# Beef Jerky Making For Newbs on weber smoky mountain



## aer0 (Jul 23, 2014)

hey guys just wondering if i could get some help / answers on making beef jerky.

i had some flank steak and found a recipe for making some black pepper beef jerky.

i did not use cure#1 and smoked it around 225-250.. (i think my temp was too high?)

my cuts were a little bit thick so i layed in on the trays.

smoked it for about 3.5 hours.

i find it was very burnt on the outside but was very moist in the inside.

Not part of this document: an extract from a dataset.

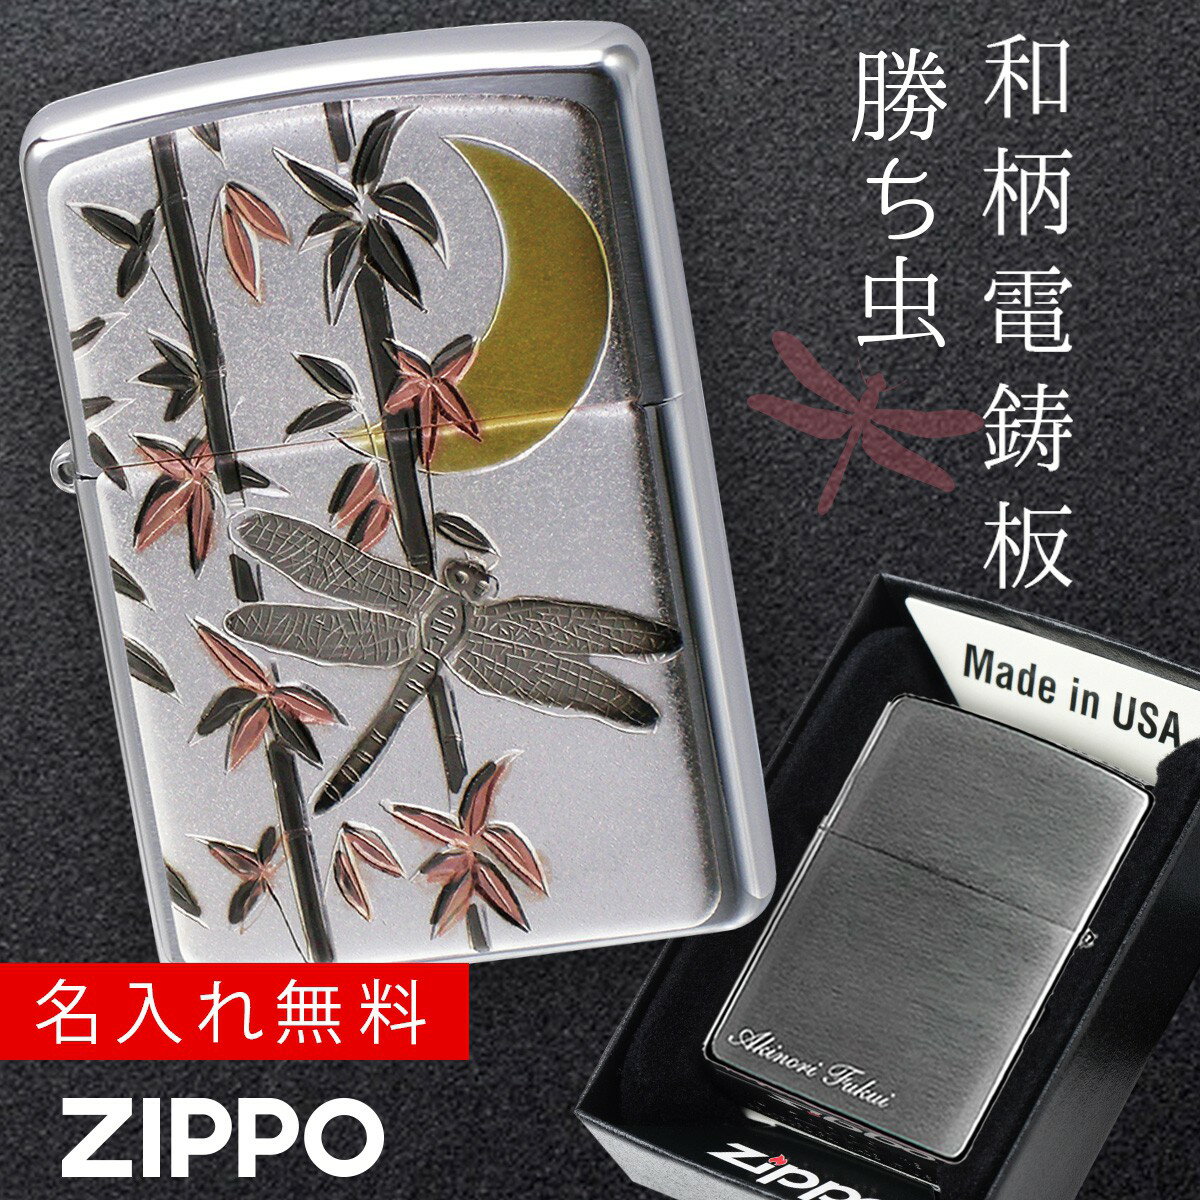 【返品不可】【返品不可】zippo 名入れ ジッポー ライター 和柄 伝統の技術 電鋳板 ZP 勝ち虫（とんぼ） 名入れ 返品不可 返品不可

again i am a newb so just wondering what i did wrong here...


----------



## aer0 (Jul 24, 2014)

any help?


----------



## pc farmer (Jul 24, 2014)

No help here, sorry.   I dry my jerky.


----------



## pc farmer (Jul 24, 2014)

If j was to try it I would slice maybe 1/4 inch thick and try to get a low temp.  Try to dry it.


----------



## rgautheir20420 (Jul 24, 2014)

The last time I did jerky was in the oven and low and slow. I see the oven on the lowest setting, I think 175, and laid the strips on the racks with the door slightly propped open to allow moisture to leave. This worked well. 

I definitely think you went too high but I'm glad you did. Without the cure if you went lower and slow the meat would have been in the danger zone for a good while. Next time add your cure #1 and cook lower. You get an evenly dried finished product.


----------



## shrekastac (Aug 3, 2014)

I used to do my jerky in 2 dehydrators but couldn't make it fast enough. The FDA wants you to take meat internally and externally to 160 degrees if I'm not mistaken. I am using an AMNPS for my smoke and a propane burner that will support a low heat. I was recommended the 3 burner from northern tools so I picked one up. The heat IMO isn't as important as the consistent air flow to dry it out. Stay Smokey my friends.


----------



## shrekastac (Aug 3, 2014)

Also you can make it however but I found 1/4" was the ticket. Partially freeze it just long enough for the meat to firm up so its easier to cut.


----------



## uling (Jan 29, 2015)

set your smoker to 165 to 180


----------



## fire in the hole (Jan 29, 2015)

I just finished 4 batches. I had the beef sliced +/- 1/4" laying on racks in my MES at 150 degrees for 5 hours, with smoke for about 3 hours. The color was nice...........flavor was nice.........texture and bite was nice.


----------